##### Given data #####

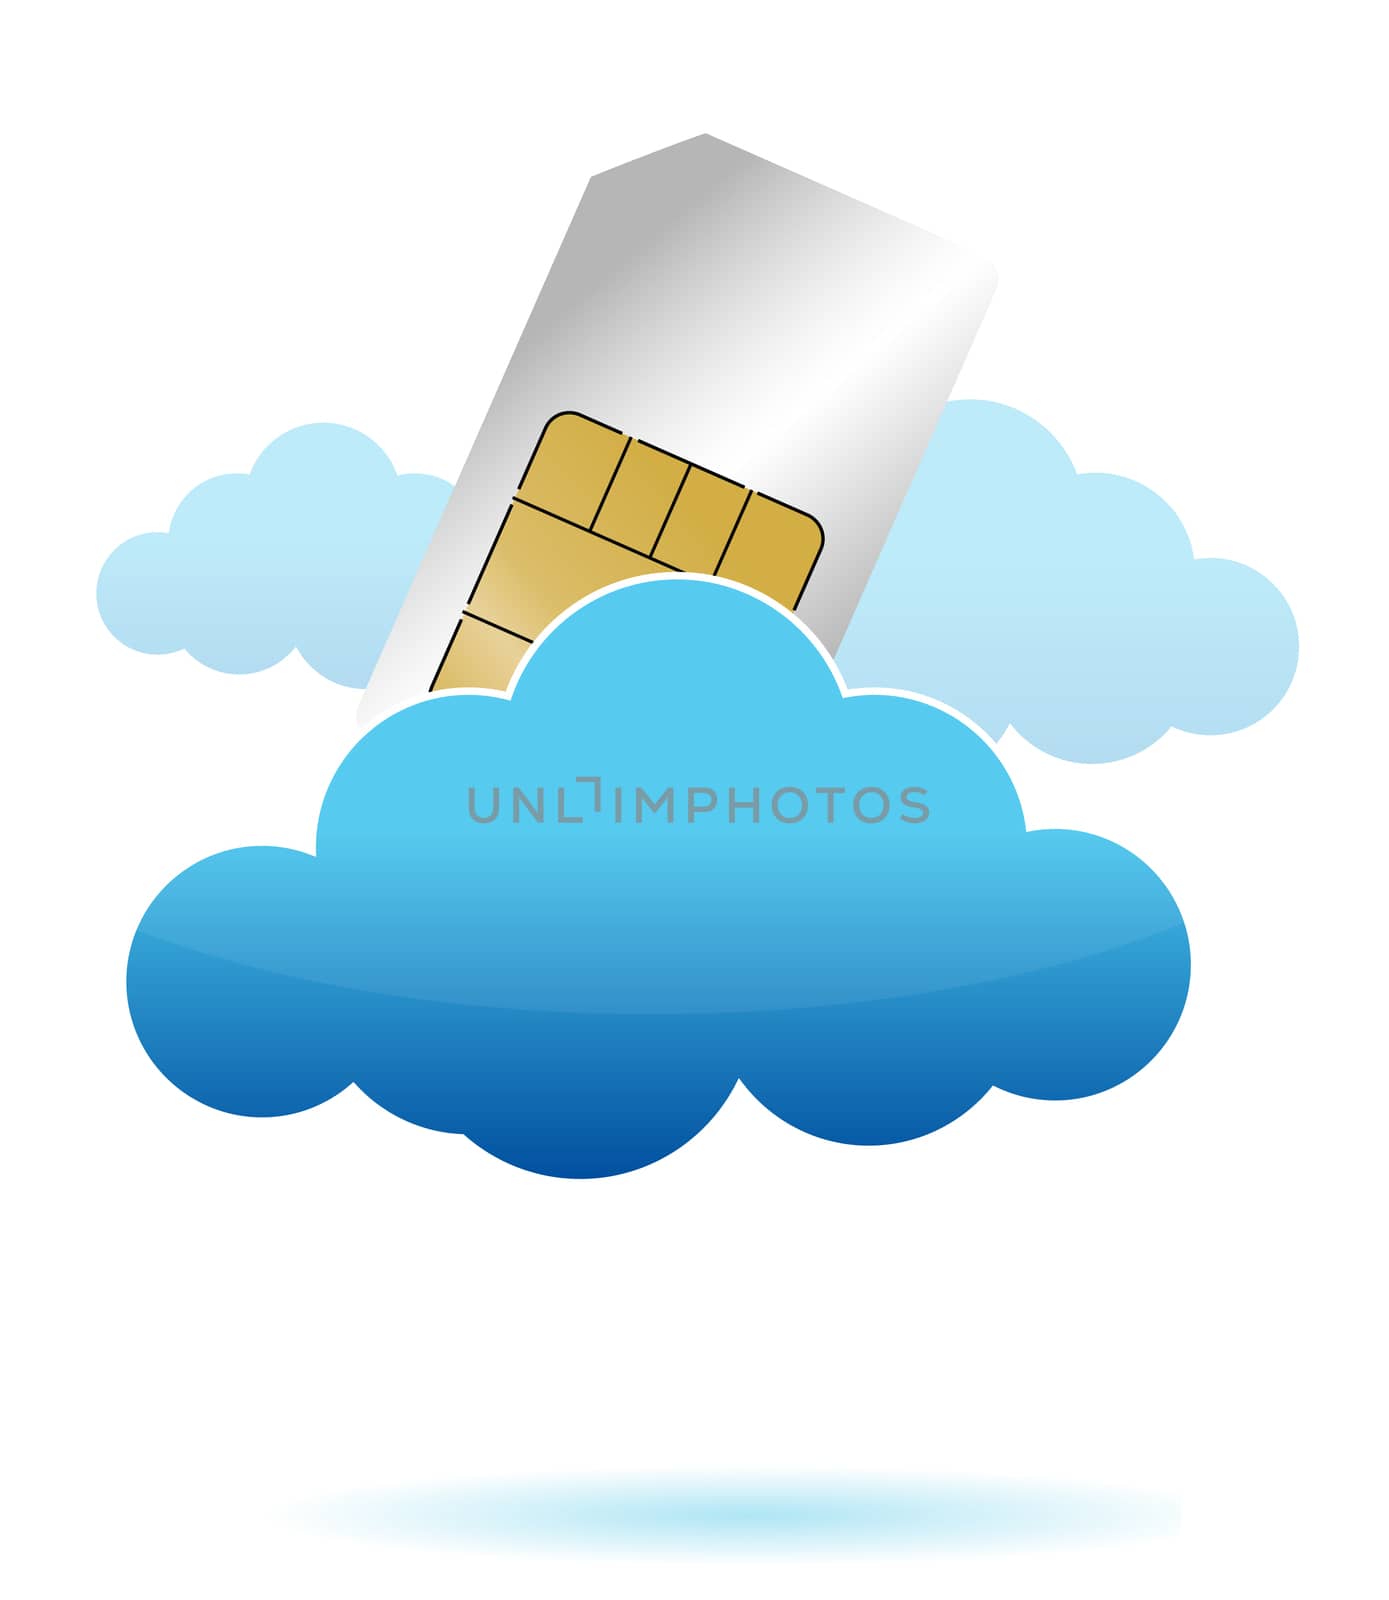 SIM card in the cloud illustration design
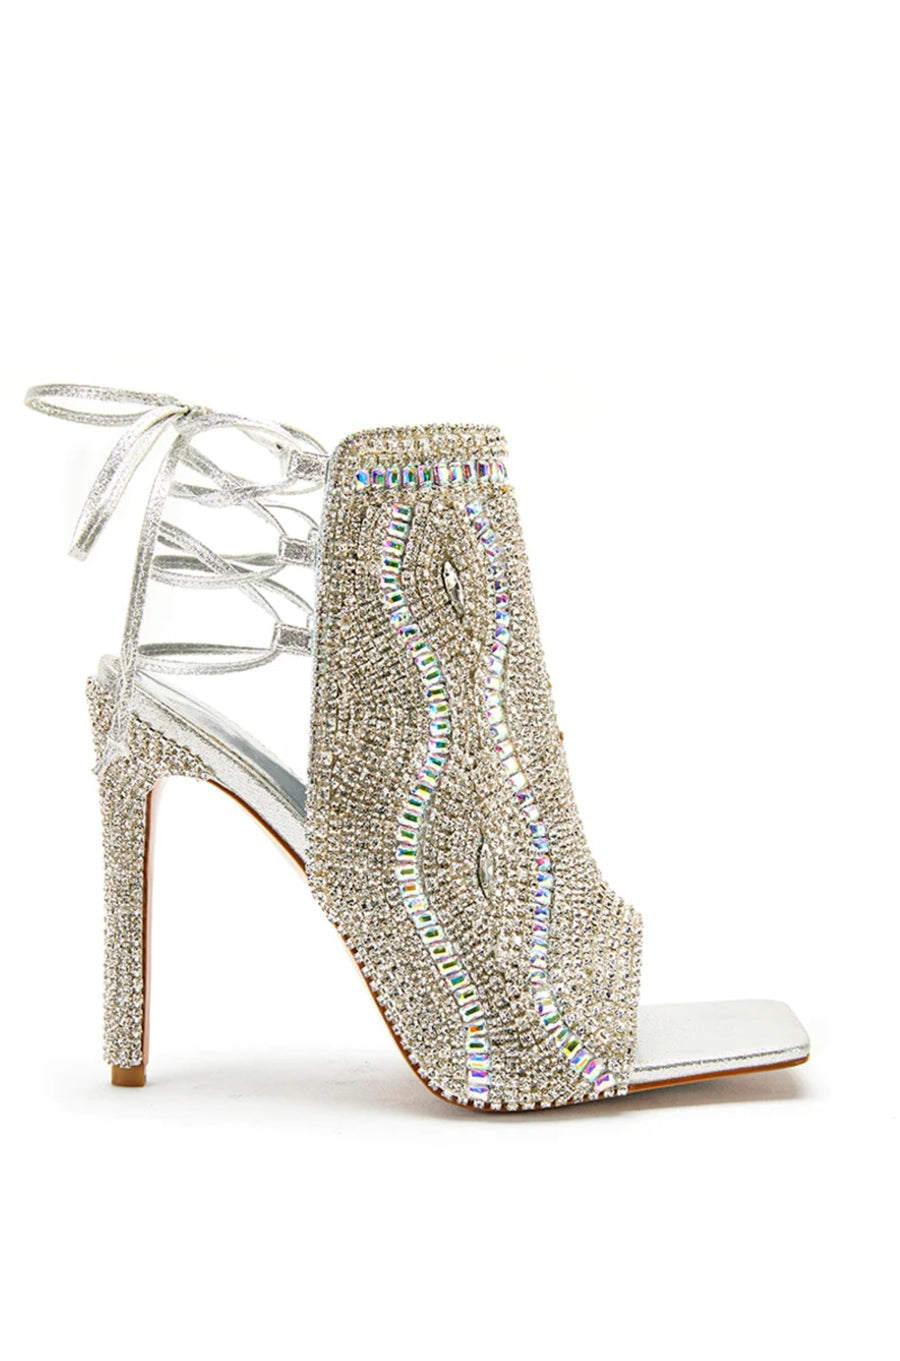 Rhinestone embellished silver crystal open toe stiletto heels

#####
##### Given data #####

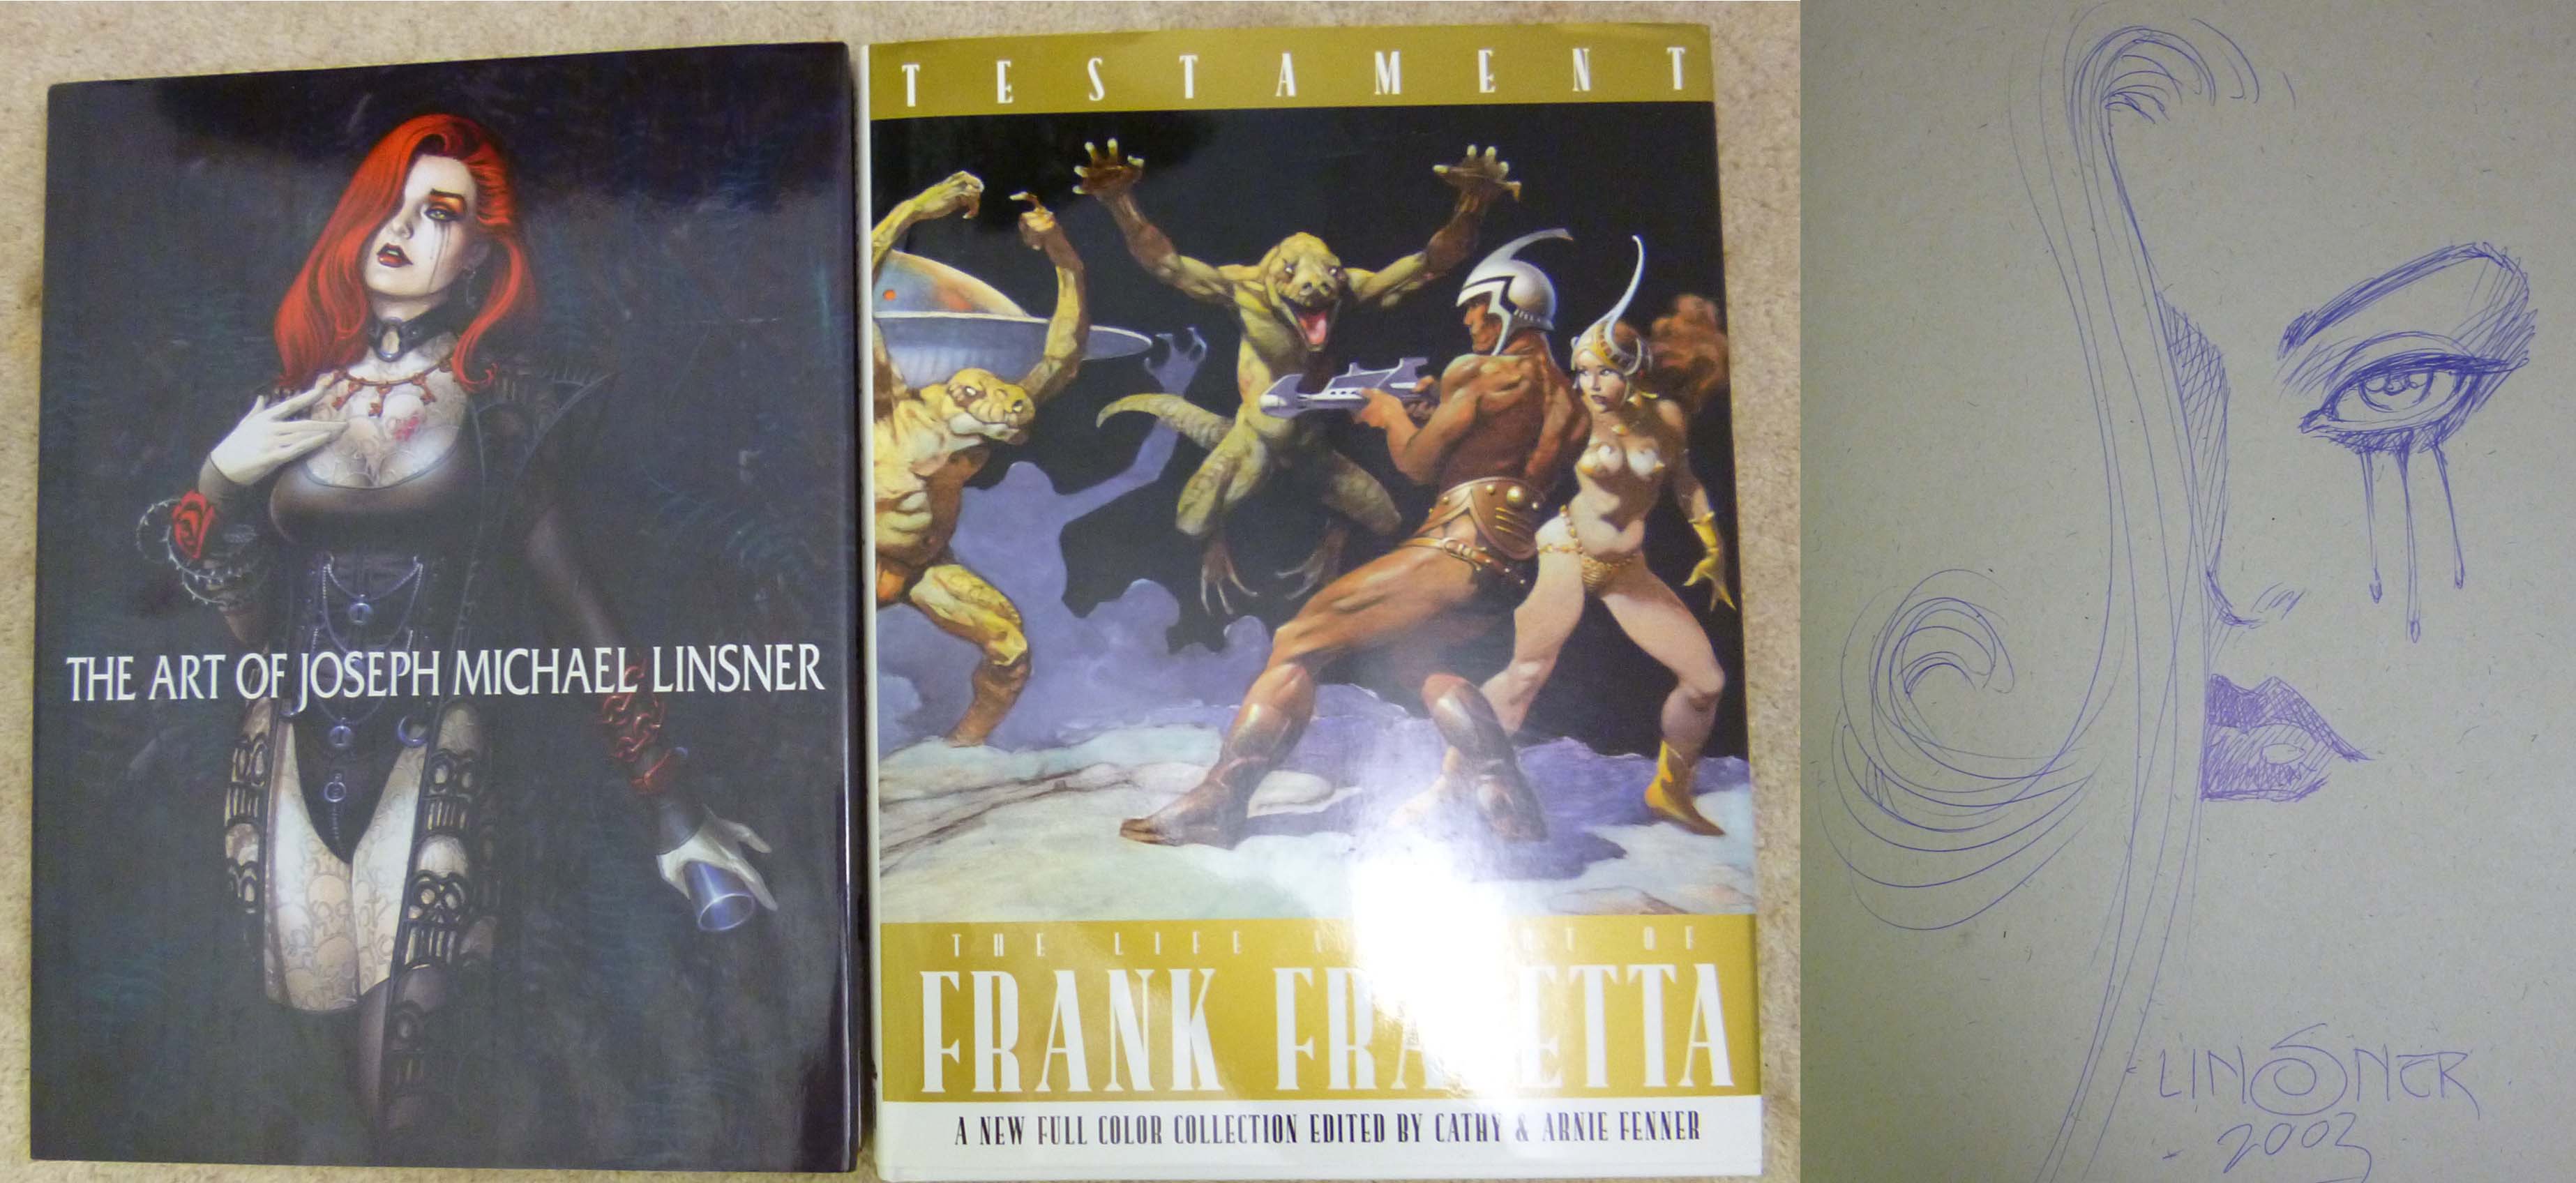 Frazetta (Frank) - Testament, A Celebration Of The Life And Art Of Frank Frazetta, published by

#####

* _What to work on_: Look above for the line with "SIM card in the cloud illustration design"; quote it and every line after it, stopping after the line with "Rhinestone embellished silver", exactly, with nothing added and without pictures.

* _Final answer_:
 SIM card in the cloud illustration design
 Rhinestone embellished silver crystal open toe stiletto heels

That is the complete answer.